Every line of the listing below should be written out exactly, minus its images.
Start of DATA EXTRACT
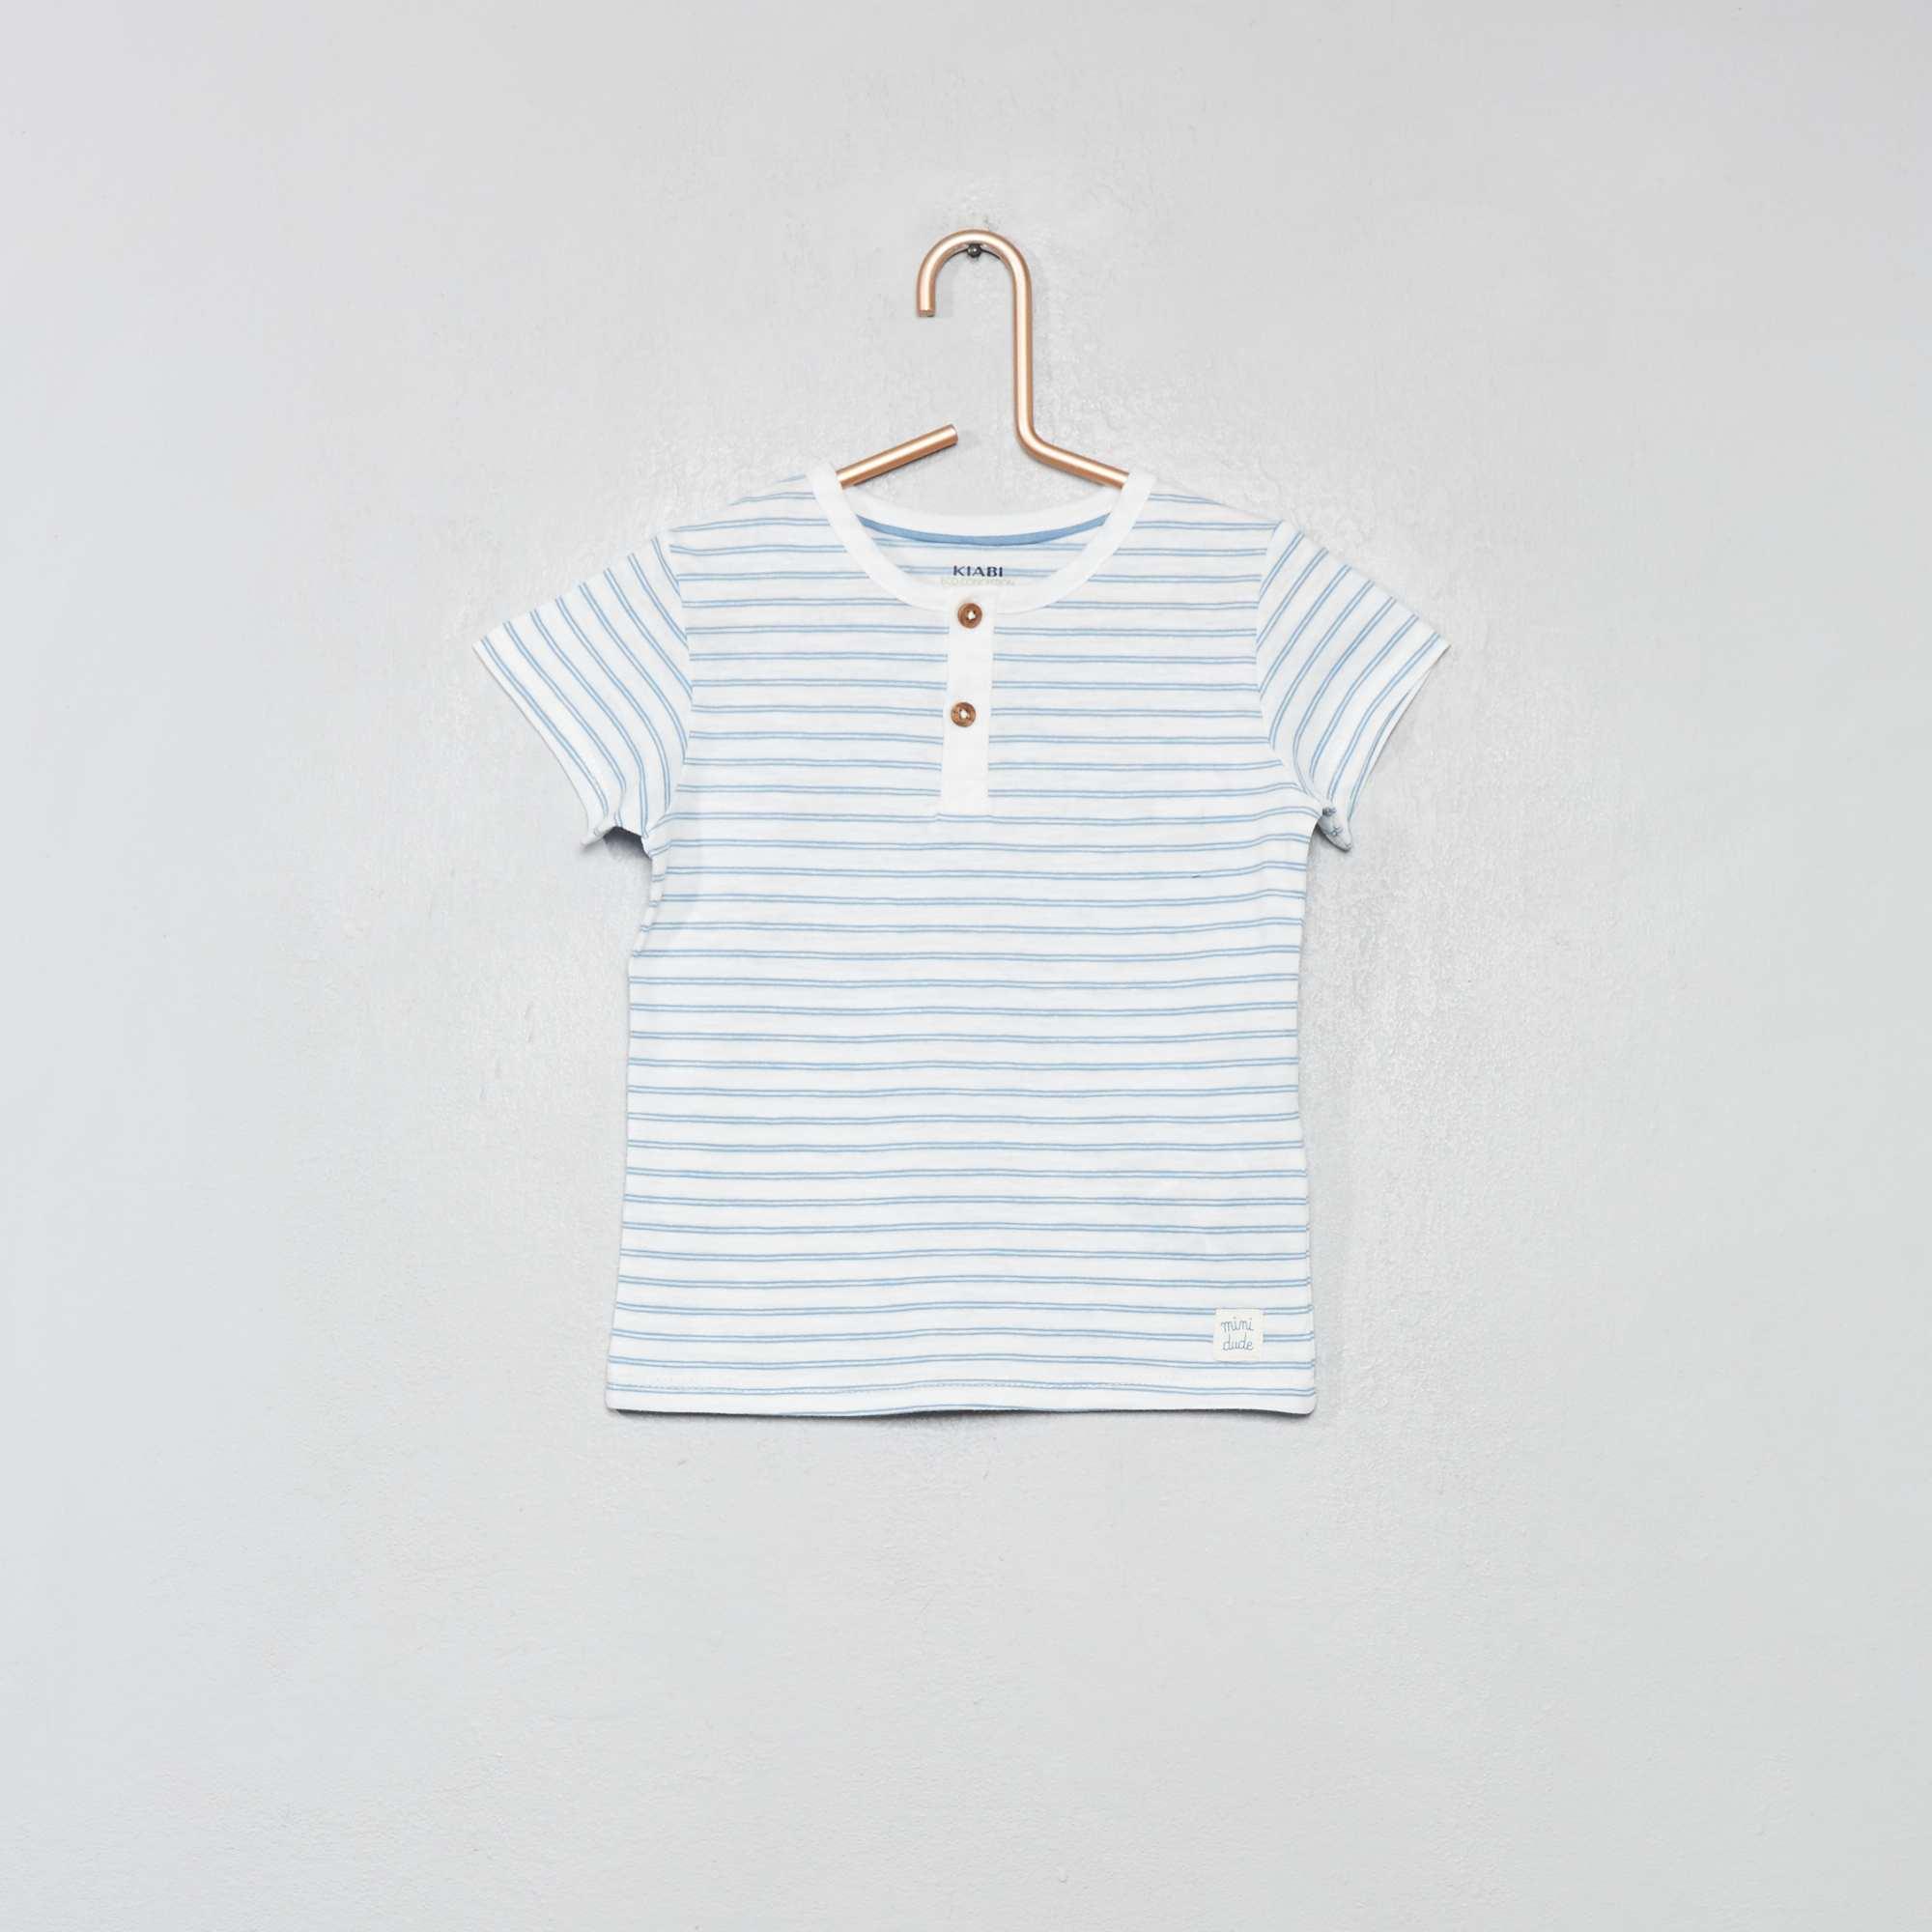 e77cb4086 Camiseta con cuello panadero de algodón orgánico BLANCO Bebé niño. Loading  zoom
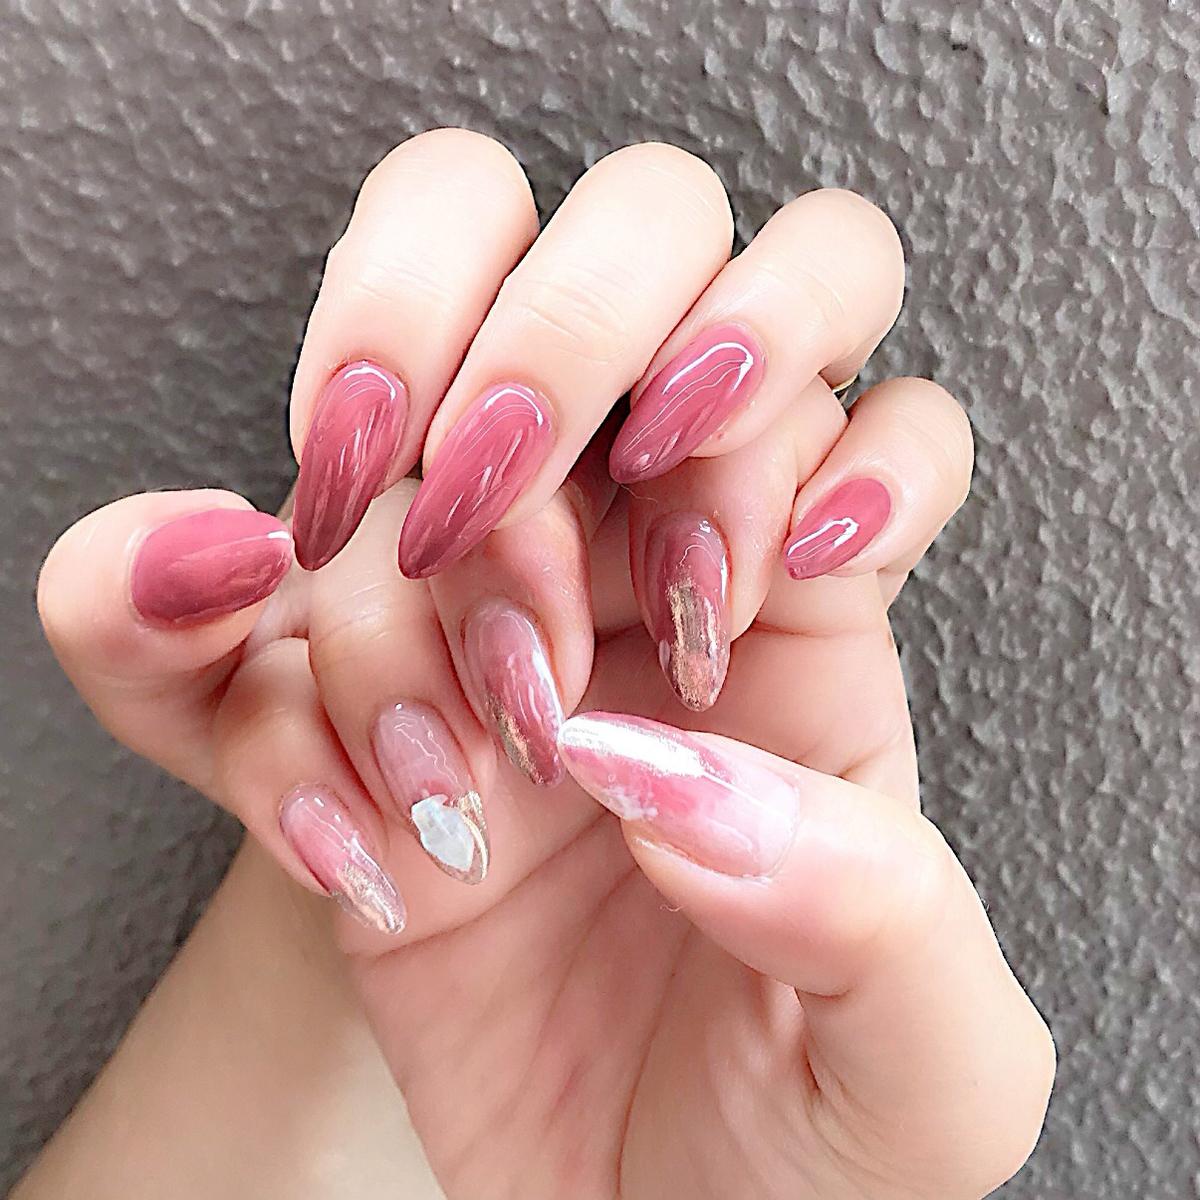 f:id:nail092:20190521150931j:plain
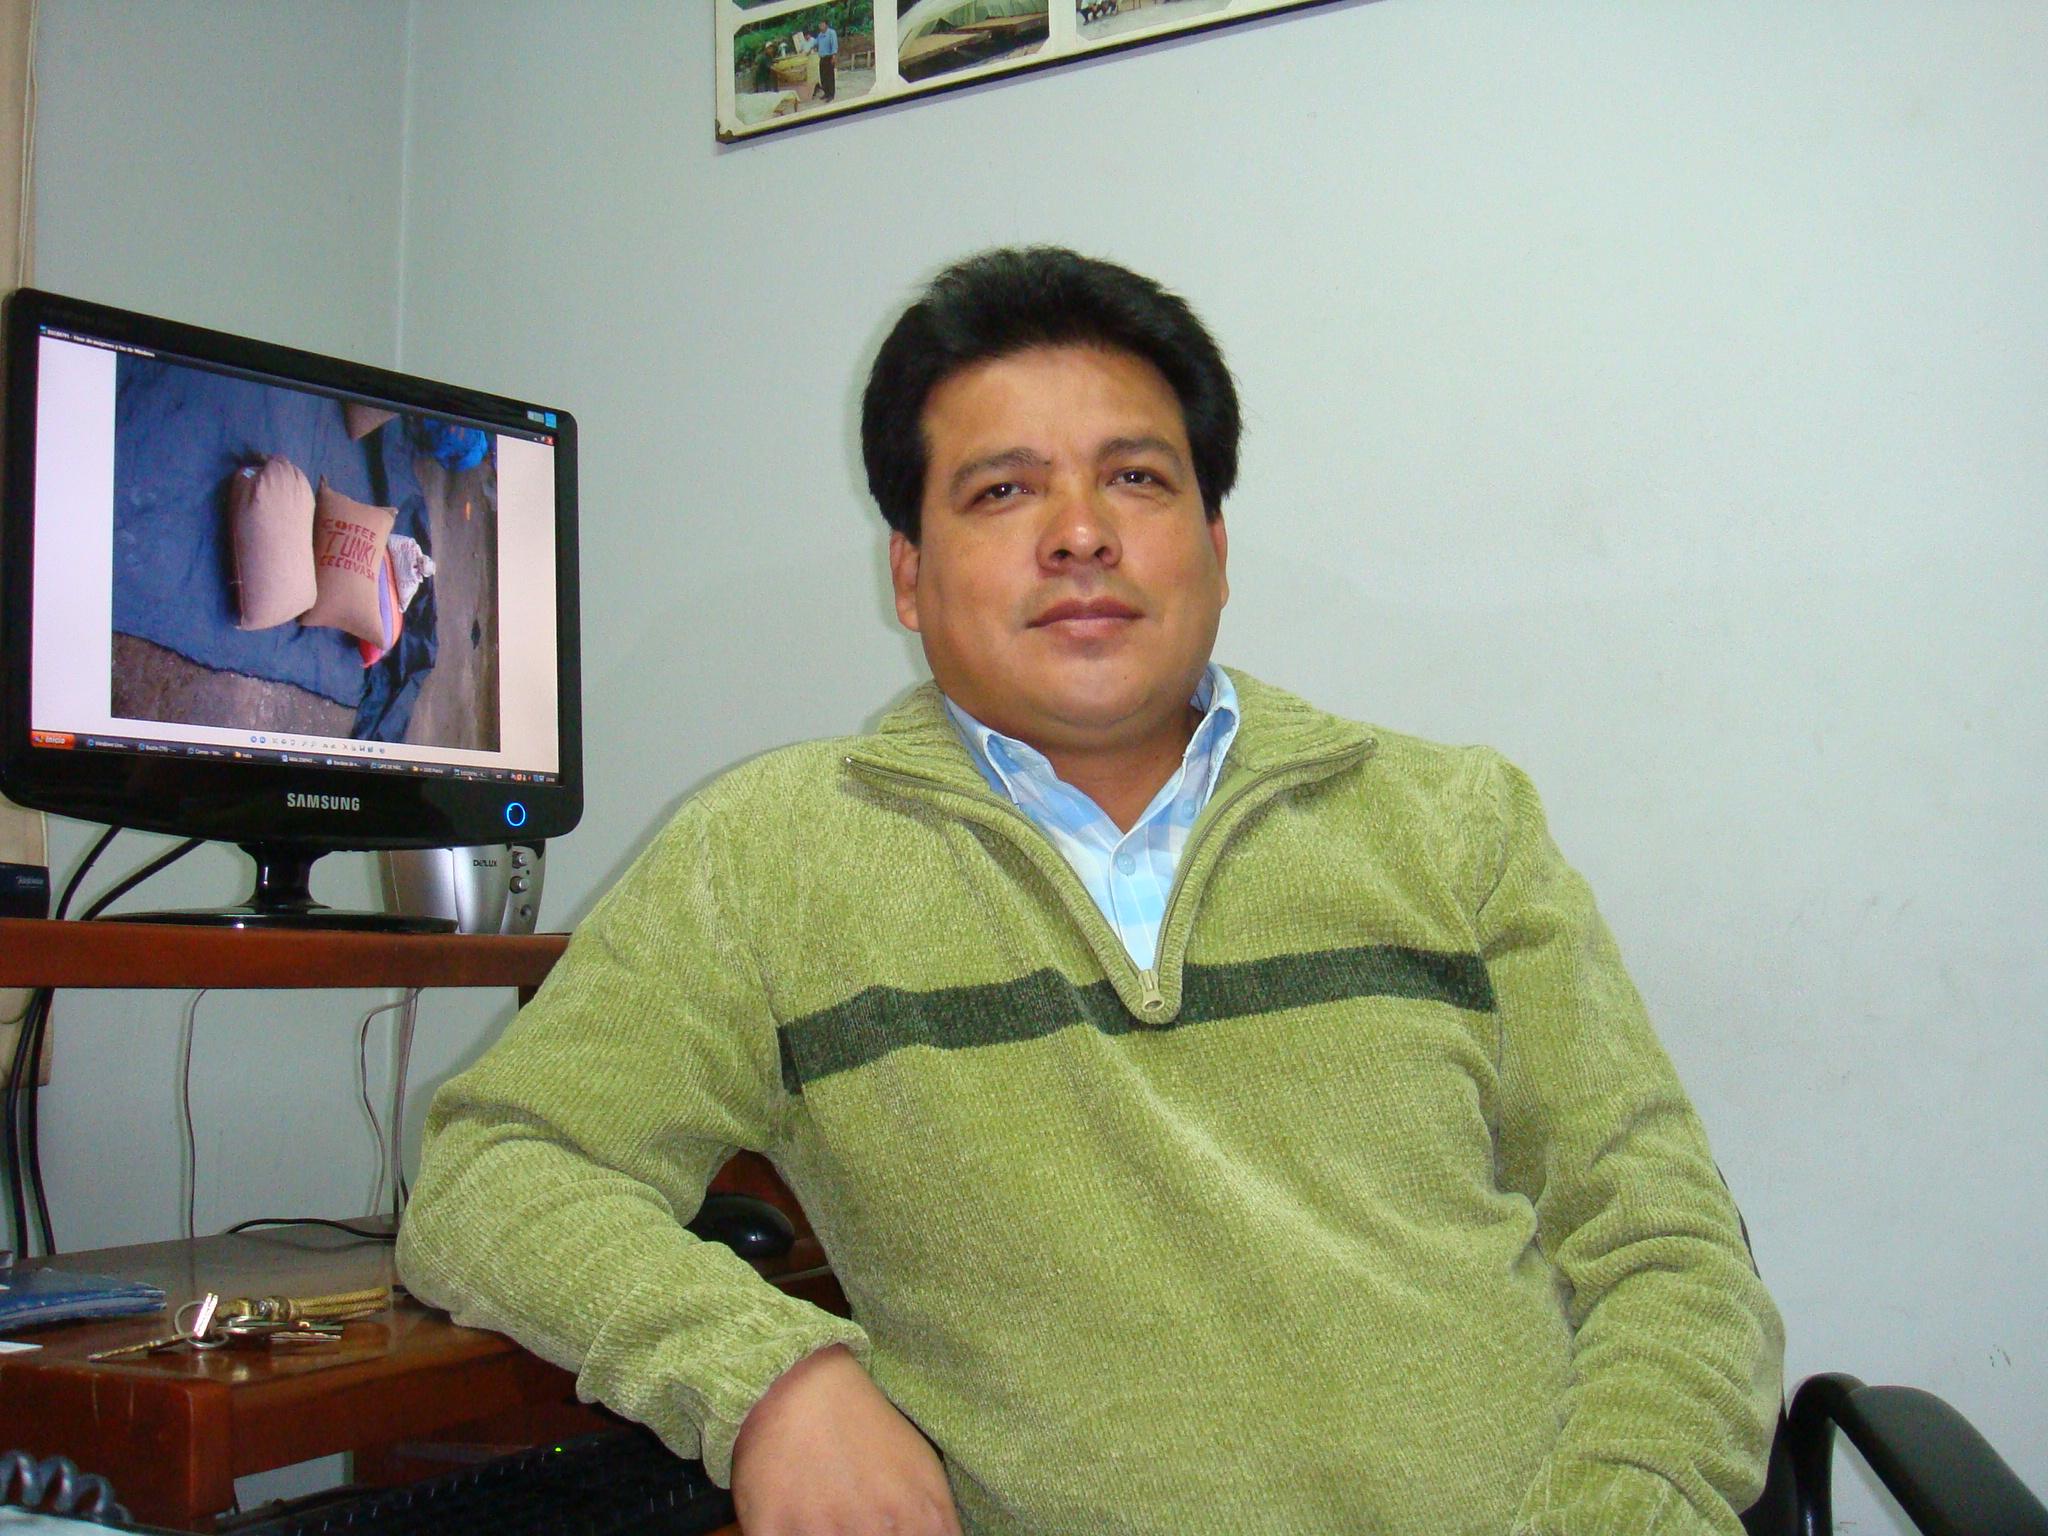 Miguel Angel Paz López
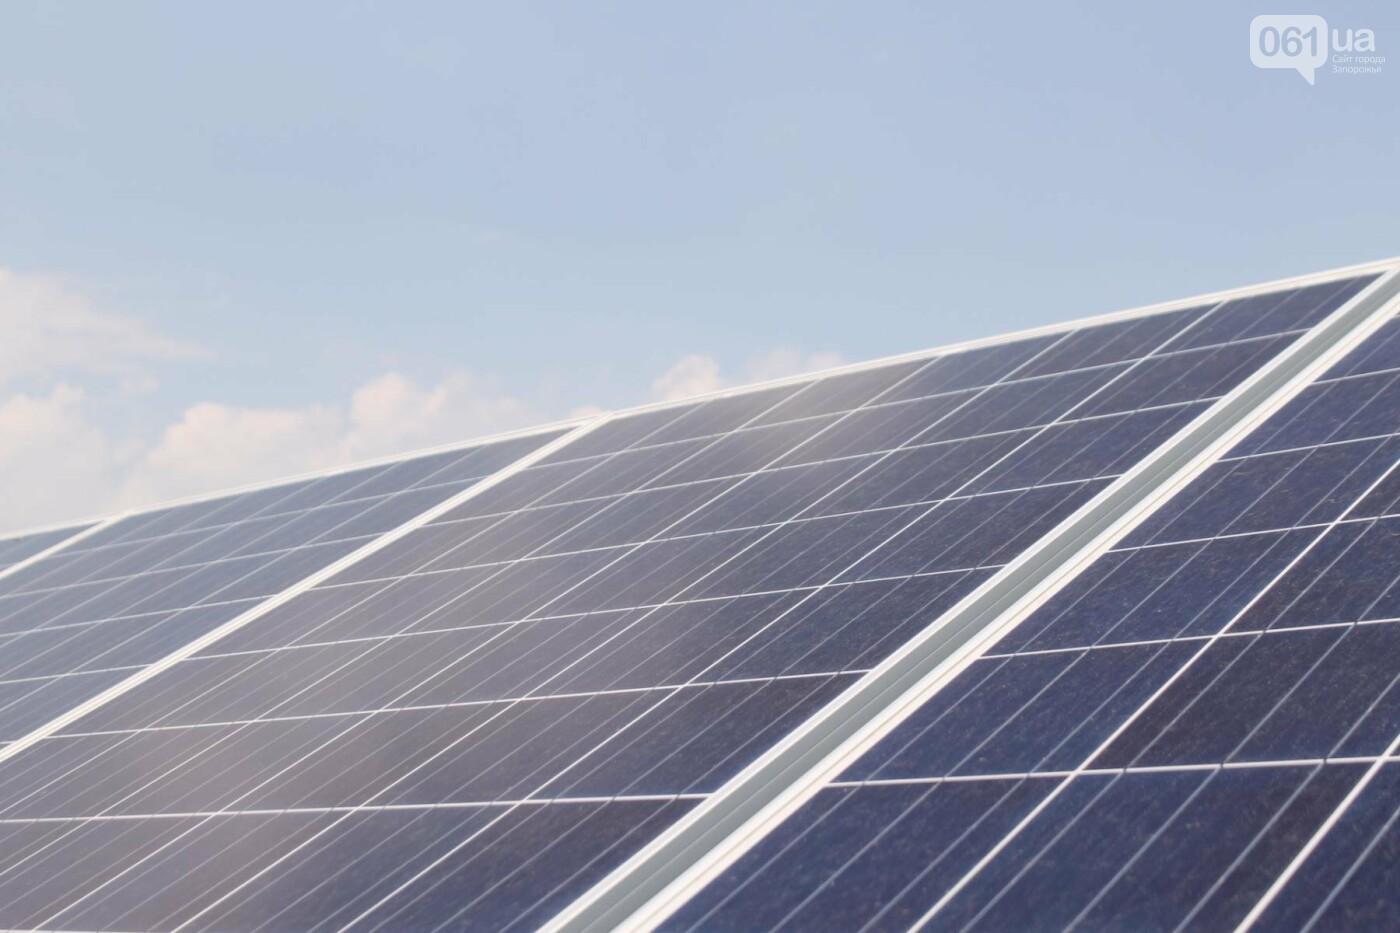 Как в Запорожской области работает крупнейшая в Украине солнечная станция: экскурсия на производство, — ФОТОРЕПОРТАЖ, фото-9
End of DATA EXTRACT
**EXPECTED ANSWER:**
 e77cb4086 Camiseta con cuello panadero de algodón orgánico BLANCO Bebé niño. Loading  zoom
 f:id:nail092:20190521150931j:plain
 Miguel Angel Paz López
 Как в Запорожской области работает крупнейшая в Украине солнечная станция: экскурсия на производство, — ФОТОРЕПОРТАЖ, фото-9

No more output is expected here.